The Highly Conserved Ser513 of hnRNP L Is a Phosphorylation Target of CaMKIV

To determine how hnRNP L is regulated, we examined its changes upon depolarization. Western blot analysis did not detect changes in its protein level in KCl-treated GH₃ cells (data not shown). We found previously that hnRNP L was phosphorylated when coexpressed with a constitutively active CaMKIV(17). The phosphorylation resulted in increased binding to CaRRE1 and is phosphatase-sensitive (17). We thus mutated hnRNP L at several conserved amino acid residues within CaMKIV consensus sequences (Arg-X-X-Ser/Thr) (25, 26), including Ser-326 and Ser-513 (Fig. 2, A and B). The effect of the mutations on phosphorylation by CaMKIV in HEK293T cells was analyzed by phosphopeptide mapping. Mutation of Ser-326 did not result in different patterns of phosphopeptides from that of the wild-type hnRNP L (Fig. 2C). However, mutation of Ser-513, whose consensus peptide is highly conserved among chordates and arthropods (Fig. 2B), completely abolished the major phosphopeptides (Fig. 2C). Therefore, Ser-513 is likely a target of CaMKIV.
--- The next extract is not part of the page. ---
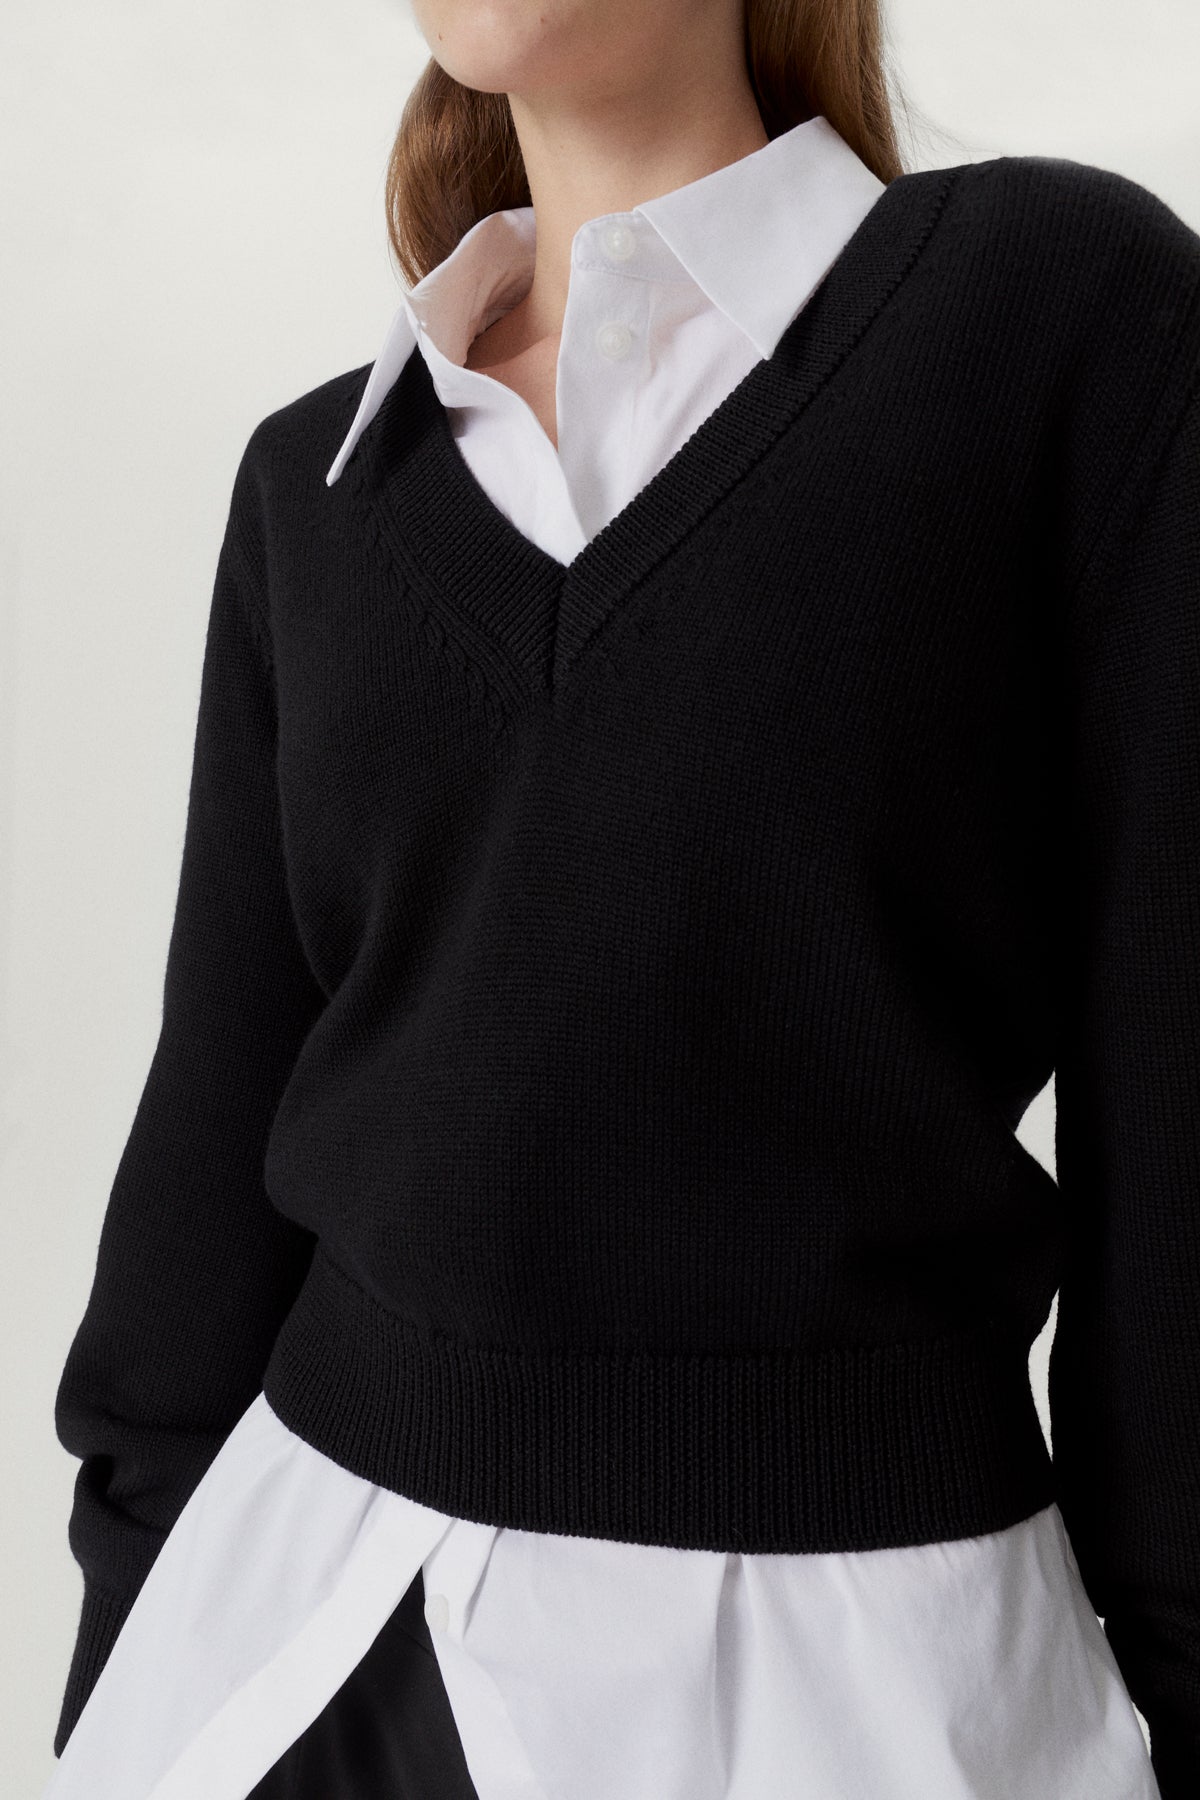 the merino wool cropped v neck black

To verify that Ser513 is a direct target of CaMKIV, we carried out in vitro phosphorylation followed by phosphopeptide mapping with synthetic peptides containing P-Ser-513 (ERSS(p-S)GLLEW; p-S, phosphorylated Ser-513) and unphosphorylated Ser-513 (ERSSSGLLEW). The CaM kinases in the reaction were phosphorylated in the absence of peptide substrates as expected (Fig. 2D, left panel). Addition of the peptide P-Ser-513 as a substrate resulted in a similar pattern (Fig. 2D, center panel). In contrast, addition of the unphosphorylated Ser-513 peptide resulted in a strong ³²P-labeled spot not seen in the background (Fig. 2D, right panel, compared with the left panel). Therefore, Ser-513 is a direct target of CaMKIV.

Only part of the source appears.